Tastes great! UF scientists find bacteria that improve foul-tasting water
November 23, 2004
GAINESVILLE, Fla. — For thirsty consumers tired of choking down water with an earthy or musty flavor, the solution may lie within the water itself, a team of University of Florida researchers has found. The team has identified a type of bacterium that can quickly and inexpensively remove a foul-tasting, foul-smelling compound. Their findings appear in the current issue of the journal Water Research.
The culprit is an organic compound, 2-methylisoborneol, or MIB, released by blue-green algae that bloom in water reservoirs during the summer. Though harmless to humans, MIB gives the water a funky quality and has proved to be a headache for water treatment facilities worldwide.
“It’s not a North American problem, or a southern versus northern problem,” said Angela Lindner, a UF professor of environmental engineering and a principal author on the paper. “There have been outbreaks of this particular alga which spits out this chemical in Australia and in Japan. It can be a problem if you get your drinking water from a surface-water reservoir, usually a big lake, as opposed to groundwater aquifers, which are our general source of water.”
The researchers’ isolated strain belongs to the genus Bacillus, a group of bacteria found nearly everywhere in nature — and in this case, in the very same lake water as the MIB. The bacterium removes MIB-related odors simply by modifying the compound and lopping off the parts of its structure that produce unpleasant smells. “It’s just changing its structure, and the structure affects the properties,” she said.
The mystery species is genetically similar to several known species, but further testing will be necessary to identify it completely, Lindner said. The key, however, is not in finding one magical bacterium to do the job, but in locating a useful local species within any contaminated water supply, she said. This research can therefore serve as a template for other scientists working on the MIB problem.
An Australian scientist who has seen the UF study is now working on isolating local microbes for a similar study. “It wouldn’t be helpful to send him our strain because the conditions of their water may not be conducive for this microorganism to thrive,” Lindner said. “The idea was that if we want them to be able to develop these systems at any facility, it should come from the water source that they’re working with.”
Many water treatment plants use activated carbon to remove MIB and other compounds, a method that is effective but can be cost prohibitive, Lindner said. Other methods, such as chlorination and sedimentation, can eliminate other bad-tasting compounds but don’t remove MIB, she said.
The problem has been particularly severe in Florida’s Manatee County, a beach community that gets a portion of its water from shallow Lake Manatee. Searching for alternative methods for water treatment, Manatee County proposed a cooperative research effort with UF scientists. The primary focus of the cooperation was on tailoring activated carbon to specifically remove the intractable MIB, with the bacterial study a small part of the larger project.
However, it may now be possible to combine bacterial and activated carbon methods to produce a more inexpensive method for treatment, said Bruce MacLeod, water quality supervisor at Manatee County Utilities. “We have figured out how to do it with carbon, but it costs upwards of $16,000 a day,” he said. “We’re interested in investigating any way that this might be useful. It would be great for us and for the whole water industry.”

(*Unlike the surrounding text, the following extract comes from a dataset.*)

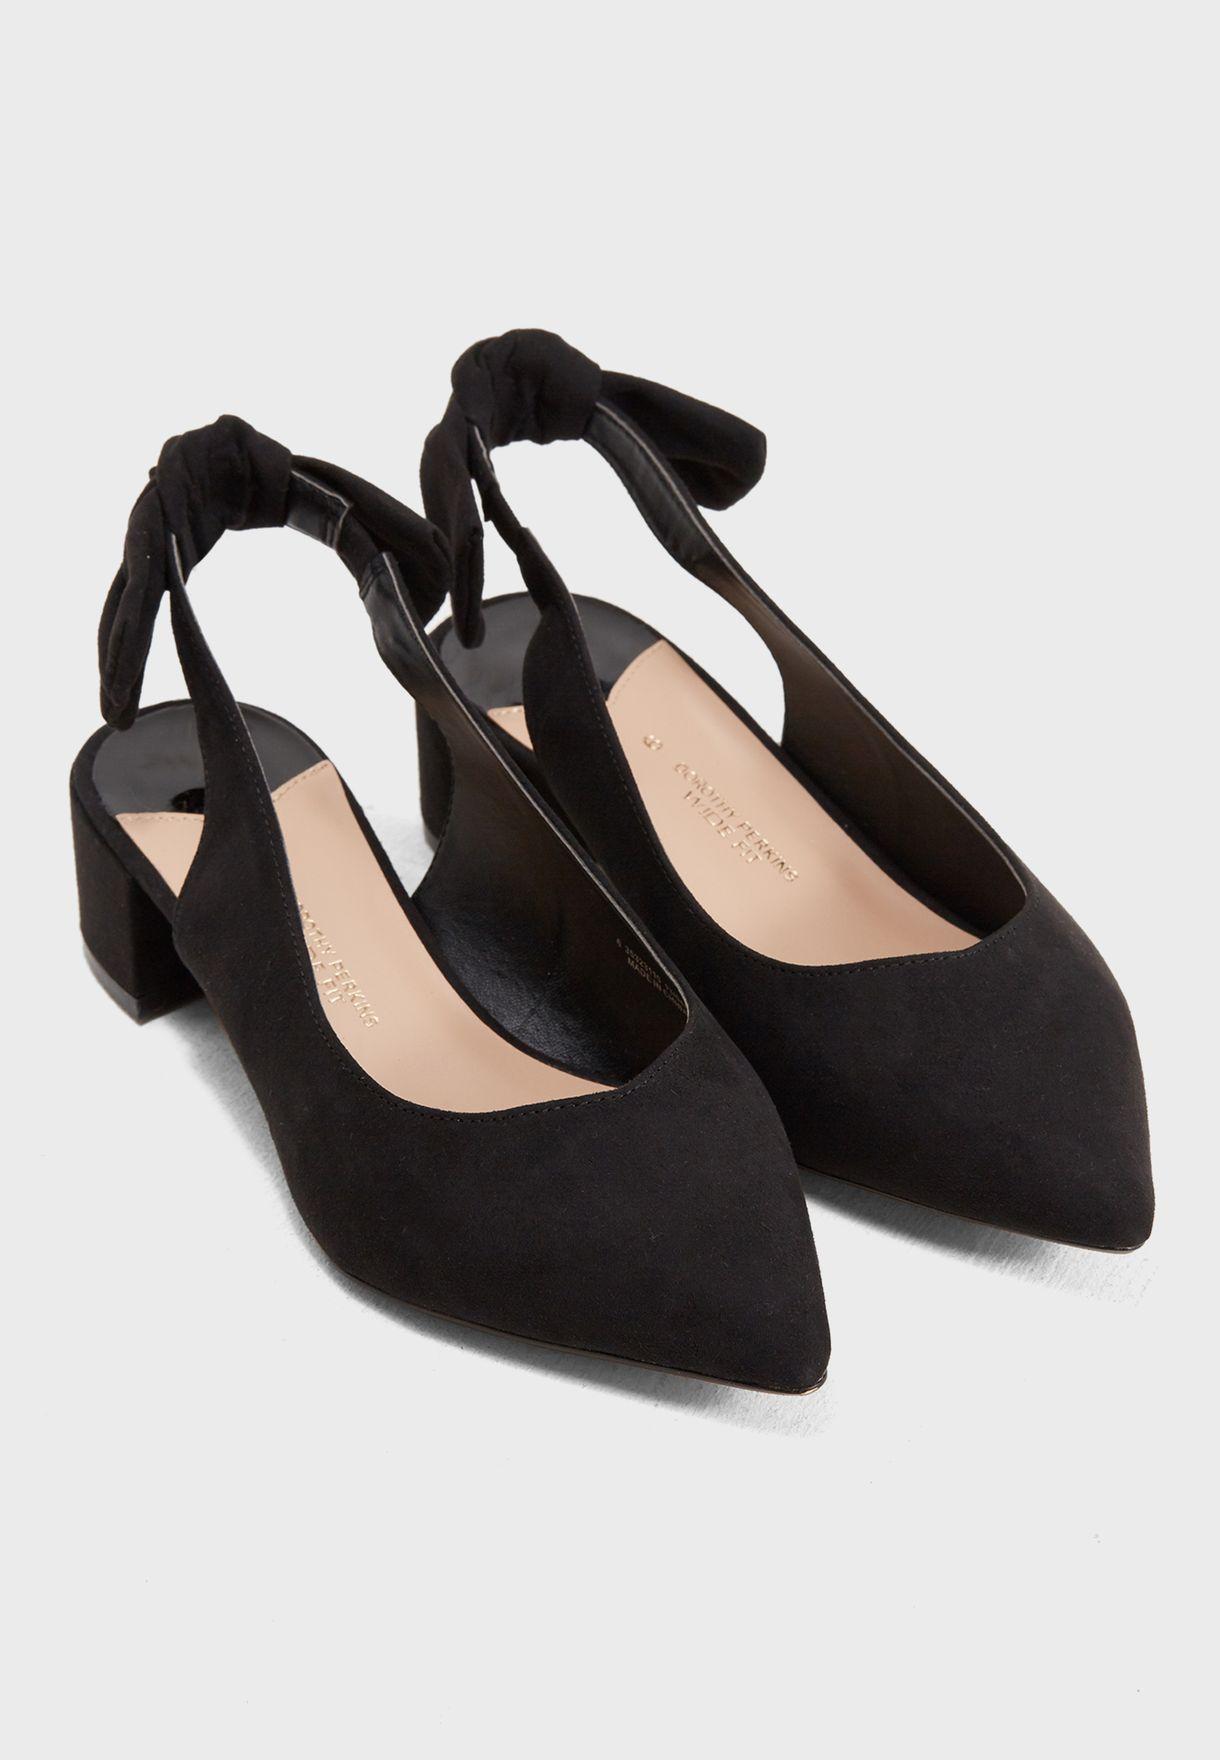 a27a4a25be9 Shop Dorothy Perkins black Microfibre Gossip Courts 35323110 for ...

“There’s definitely a stigma on using biological populations in water-treatment plants. You’re adding something you traditionally want to remove,” said Chance Lauderdale, the study’s research assistant and a former UF graduate student in environmental engineering. “It’s kind of unknown, and it’s something that people are slowly getting used to. And activated carbon methods are useful, but microbiology could potentially be more cost effective because it’s renewable. It’s not something you’ll have to replace periodically.”
Using bacteria to eliminate MIB-related odors is a tricky proposition, and the first step was to determine whether it was even possible. The “odor threshold” for MIB — where it’s been removed to the point where there is no more smell or taste — is extremely low, Lindner said.
“It’s hard to get anything out of the water to that concentration using biological methods. Other biological studies have shown they can remove it but not below to where you can’t smell it anymore,” she said.
To assess that, the MIB-depleting bacterium was taken directly from Lake Manatee. Over the course of a year, Lauderdale isolated and nurtured a pure bacterial culture from the lake that, when placed in vials with untreated lake water, cleaned up the smelly compound and left no scent behind. Using average MIB levels in the lake as a starting point, the entire cleanup took about five days.
Although the results of the study are very promising, it’s only the first step, according to Lindner and Lauderdale. For one thing, they’ve isolated the bacterium but haven’t yet identified the species – or what chemical processes the bacteria go through when consuming MIB.
“In terms of actual (chemical) products, that will be our next step,” Lindner said. “We don’t know what our microbe is capable of doing. It’s obviously removing it very well, but whether it goes through the same pathway we’ve seen in other studies or not, we don’t know.”
Another step will be a small-scale pilot study to look at how the bacteria behave under more natural conditions, Lauderdale said.